Ladies football scheduling mistake? – Monday Blog
By Niall McCoy
THERE was a sonic boom recorded in Ireland yesterday about four of five minutes after the All-Ireland hurling final between Kilkenny and Galway ended in a draw.
The boom wasn’t caused by an aeroplane travelling through the air faster than the speed of sound, instead it was caused by a platoon of ladies footballers taking to Twitter to vent their fury in 140 characters.
No, it wasn’t the awarding of Joe Canning’s last free that caused the outrage, it was Ger Canning’s announcement that the replay would take place on Sunday, September 30th.
Now, that date had already been circled in the calendar by six ladies’ county squads. It’s All-Ireland final day, and with the exception of Waterford and Cork who qualified for their respective finals on Saturday, the other four counties – Antrim, Armagh, Louth and Kerry – had already a week of preparation done. The ladies would have to wait a week longer to accommodate the men.
I haven’t chatted to any managers yet, but that, I’m sure, would also include the booking of hotels for that weekend, renting coaches. One player tweeted saying she had already booked off that week from work and would face a hassle to change.
Their frustrations were evident, and it was hard not to feel aggrieved.
But then again, it was a justified decision. The LGFA is a separate body to the GAA and Croke Park is used as a favour for the finals by the GAA. As the Gaelic Life’s expert ladies GAA correspondent Ciaran
Woods informed me yesterday, the ladies’ body have always known that a draw would mean the re-scheduling of their ties to make way for the hurling.
In black and white it was the correct call, and there can be little arguing of that, but still…
For while the GAA and the LGFA may be separate in name, there can be no questioning that in parishes the length and breadth of the country, the ladies game plays a vital role in your average GAA club. In these six counties, the girls play their club football, in the majority, under the same banner as the men’s games at their clubs. They are not separate entities.

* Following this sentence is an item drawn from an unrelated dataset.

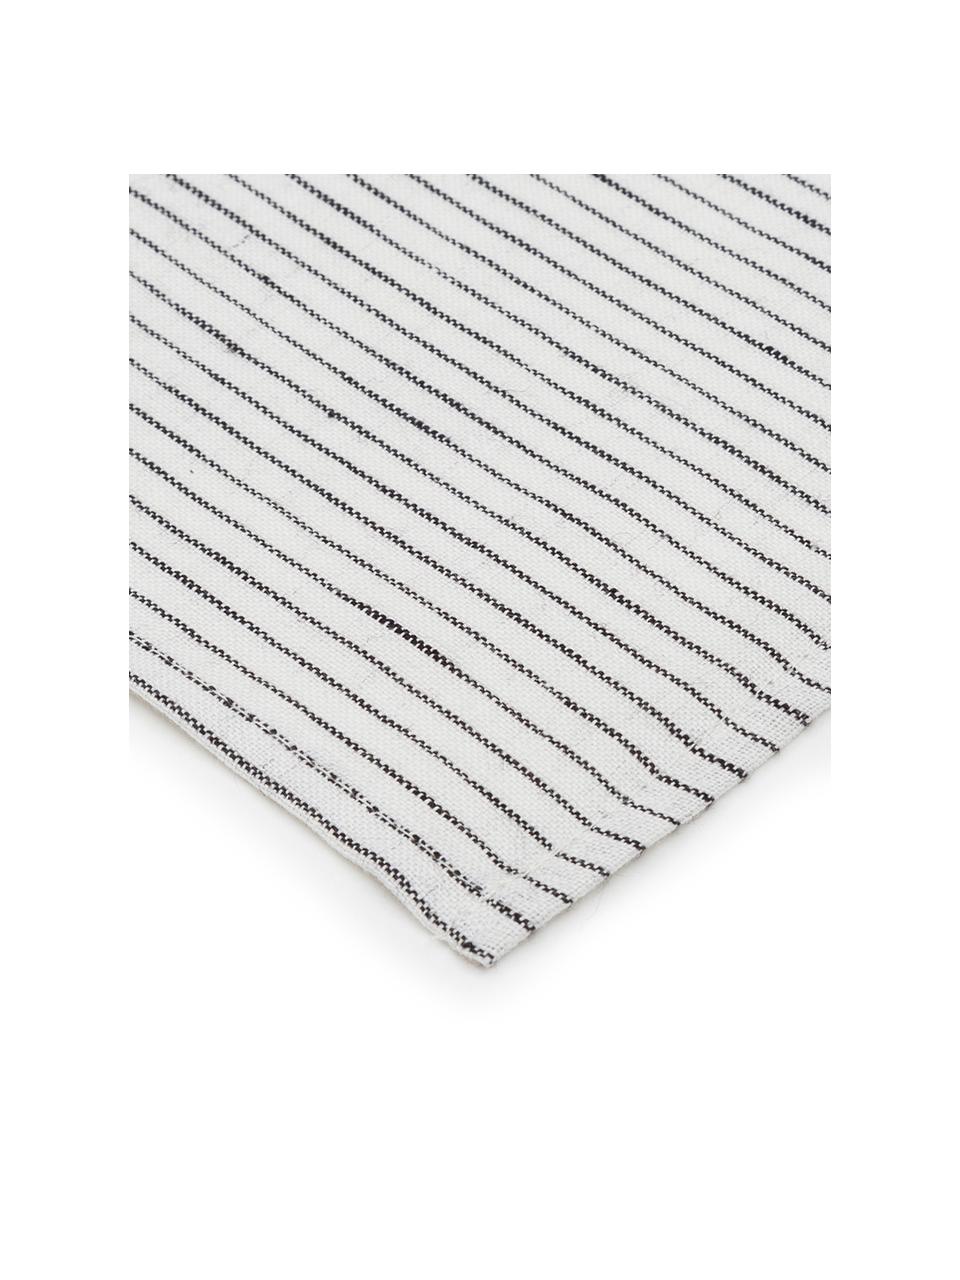 Serviettes de table pur lin Svete, 6 pièces, Blanc crème, noir, larg. 43 x long. 43 cm
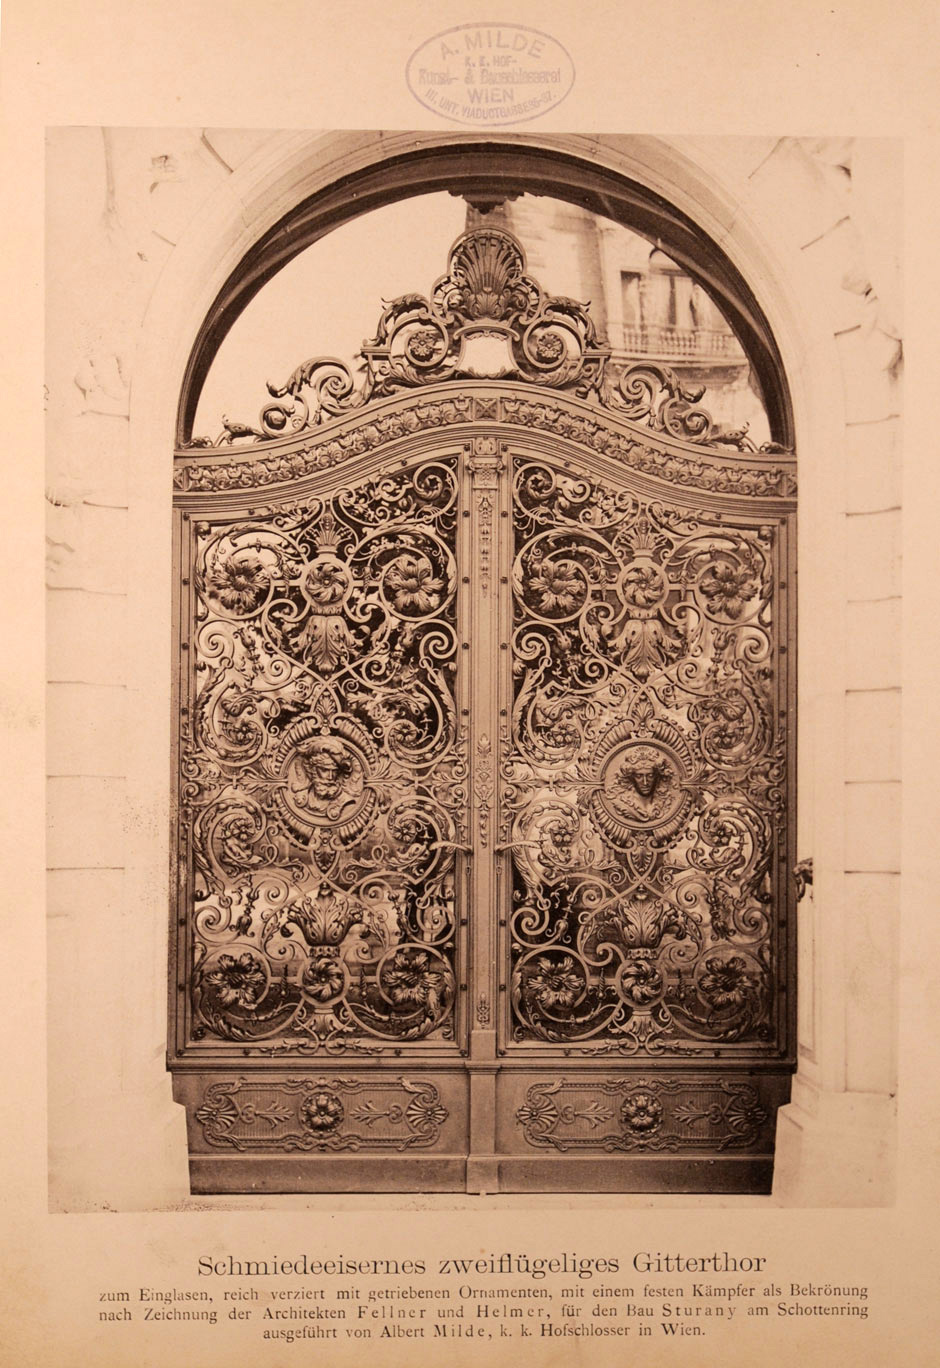 Schmiedeeisernes reichverziertes zweiflügeliges Gittertor zum Einglasen mit getriebenen Ornamenten und einem festen Kämpfer als Bekrönung

Even playing the ladies games on September 29th would have been a compromise more easily accepted. Look at the Croke Park pitch yesterday, it was in pristine condition, and I’m sure it could cope with five games in two days seeing as there has often been triple headers at the stadium.
It’s a hard one to work out. The GAA haven’t done anything wrong, but it’s still a body blow for the ladies and the promotion of their games.
Whether this happens or not lies with the LGFA now. Replays are a rare beats, but there’s nothing to say that the next 10 finals will not end all square. They either fight their cause at the end of the season to ensure that agreement does not stay in place, and if they can’t achieve this, then maybe it’s time to look at alternative venues for their showpiece event.